● **Dataset excerpt**:
------
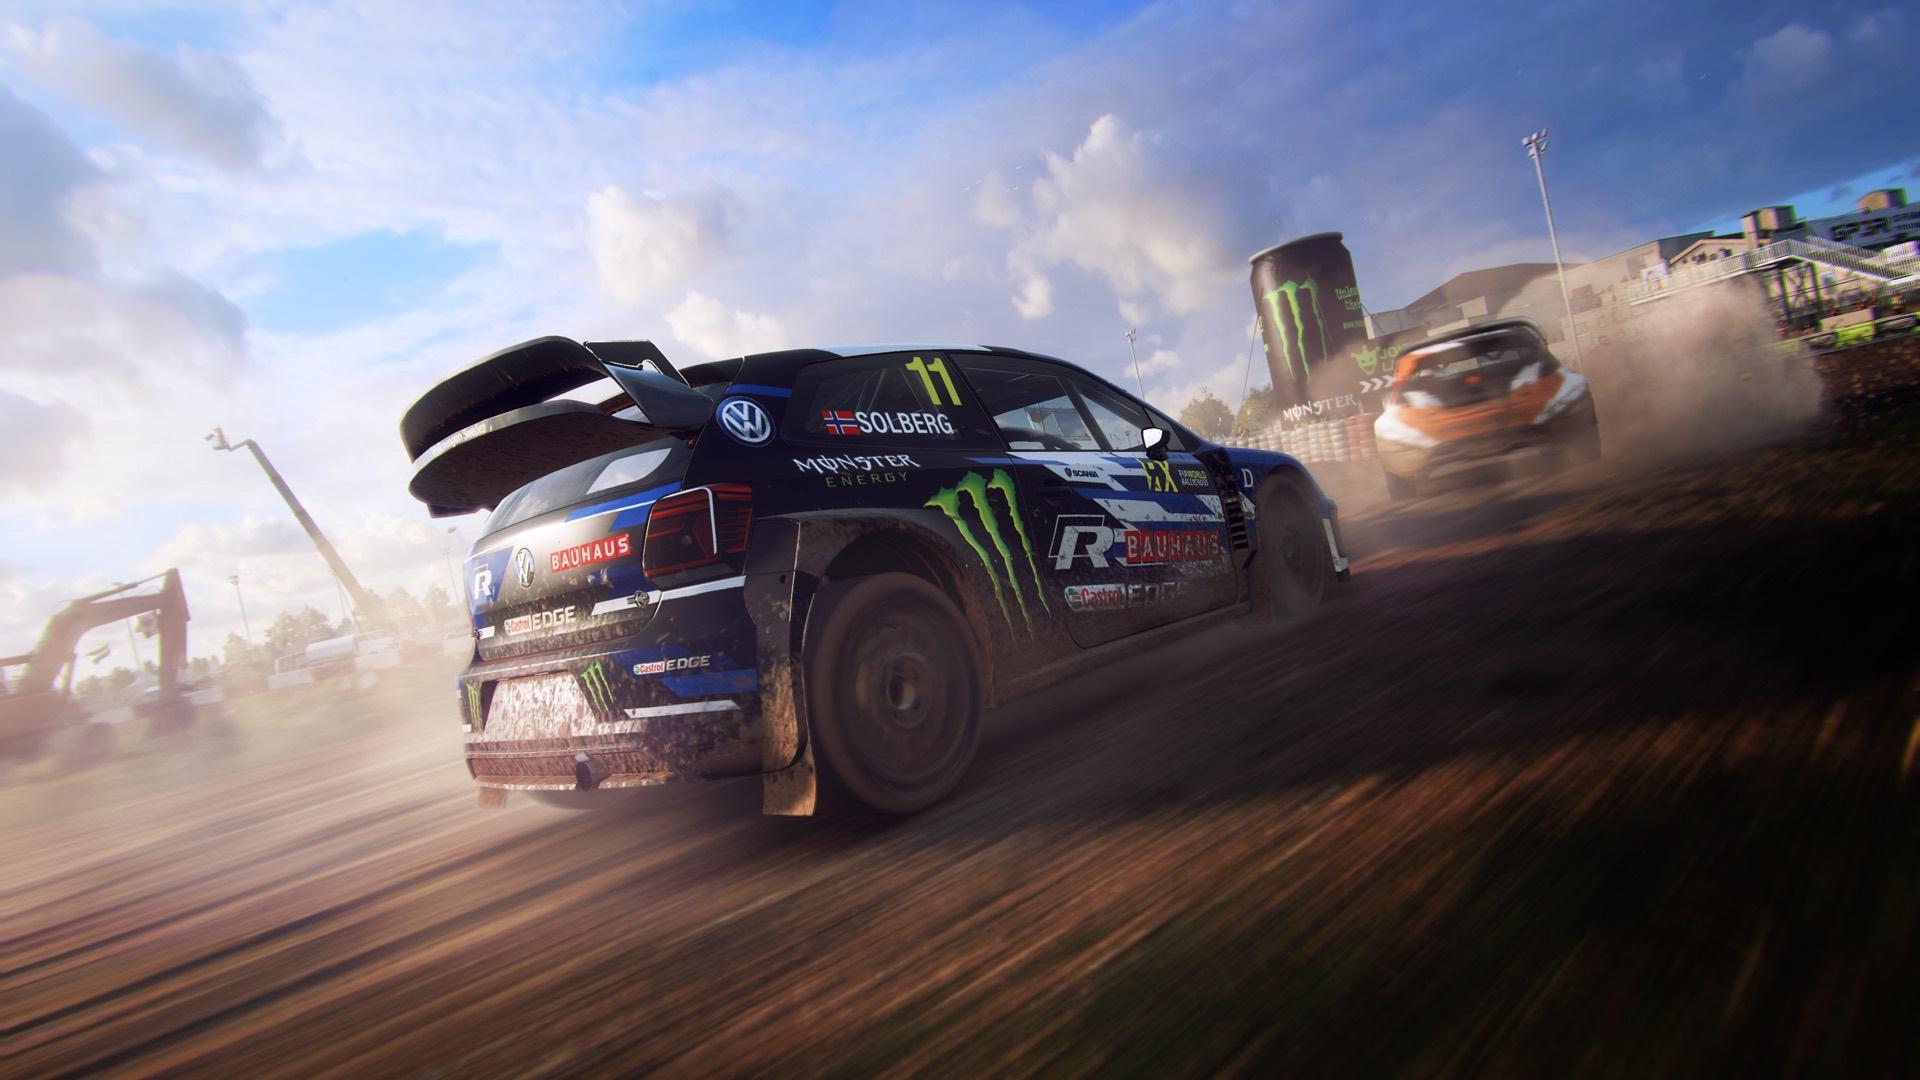 Top Car Wallpaper Dirt Rally 2 0 Une Vid 233 O Mettant Le Championnat Officiel
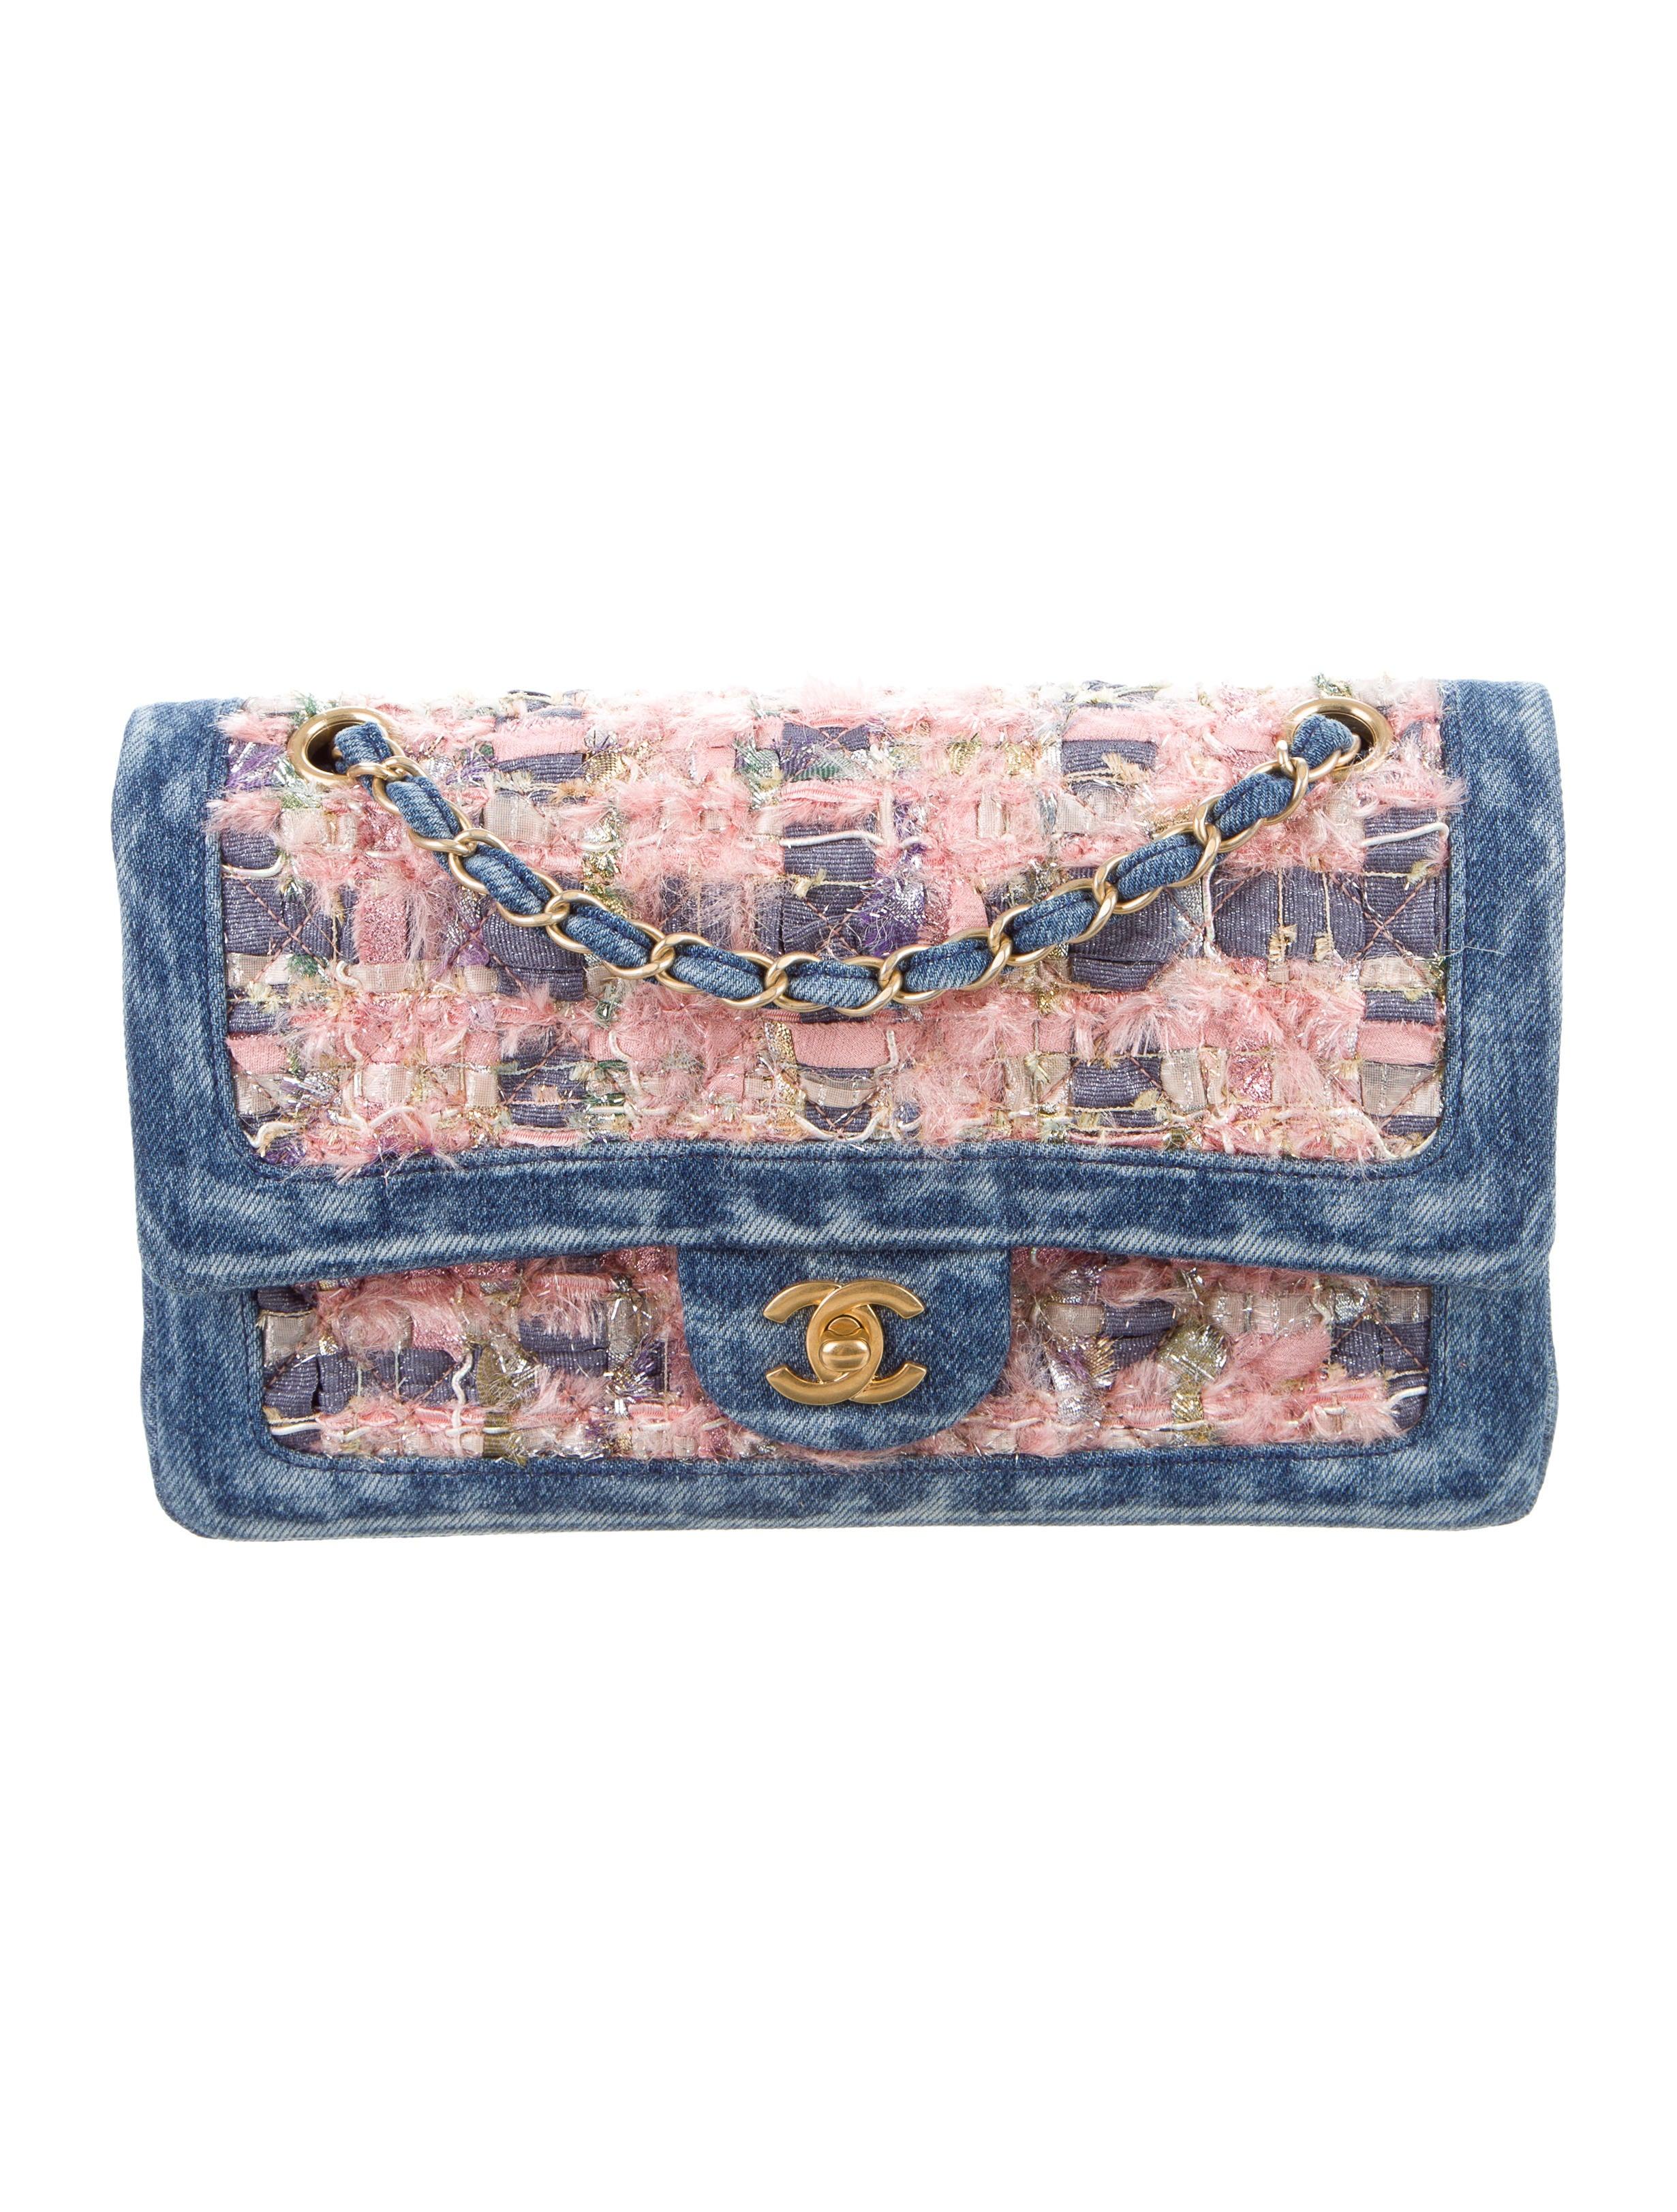 cc6aaf1aae26 Chanel 2016 Denim Tweed Classic Flap Bag w  Tags - Handbags ...
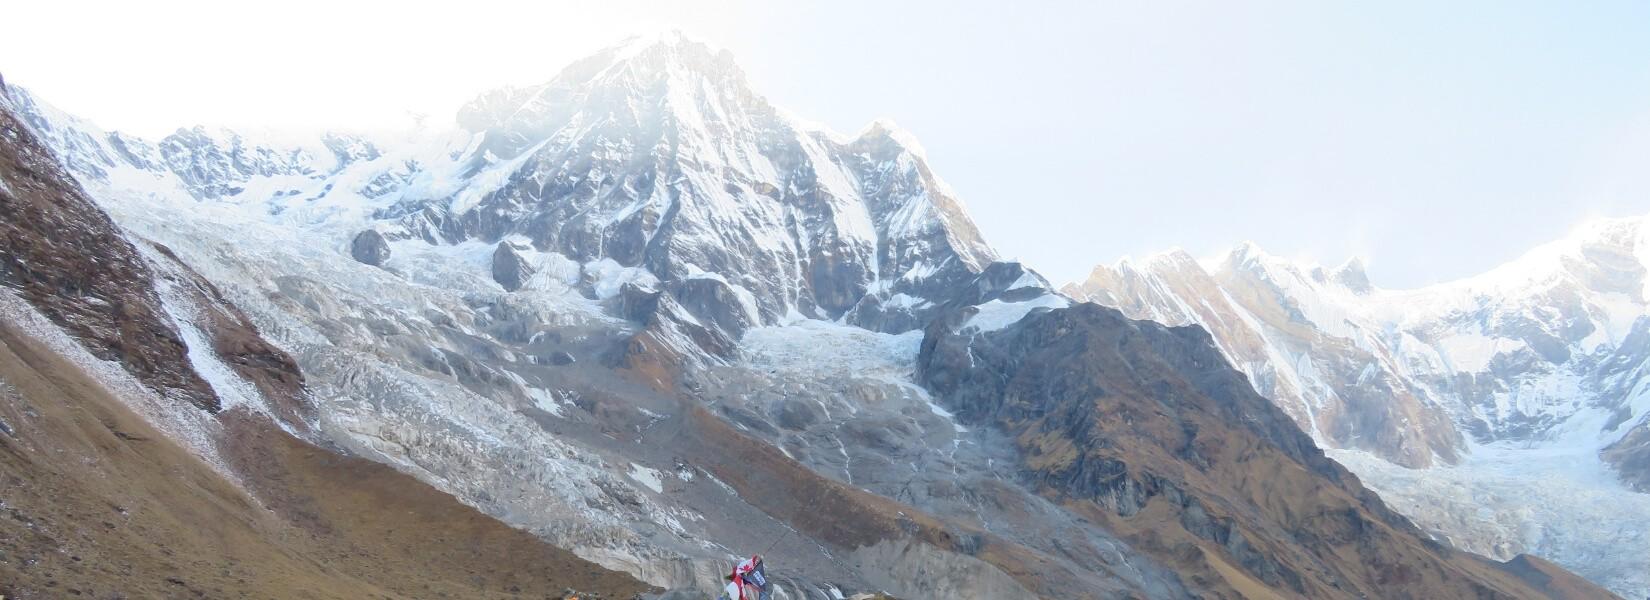 Trek Annapurna Nepal
------
● **Required action**: Reproduce all the data as it stands. The pictures are not part of the copy.

● **Expected answer**:
 Top Car Wallpaper Dirt Rally 2 0 Une Vid 233 O Mettant Le Championnat Officiel
 cc6aaf1aae26 Chanel 2016 Denim Tweed Classic Flap Bag w  Tags - Handbags ...
 Trek Annapurna Nepal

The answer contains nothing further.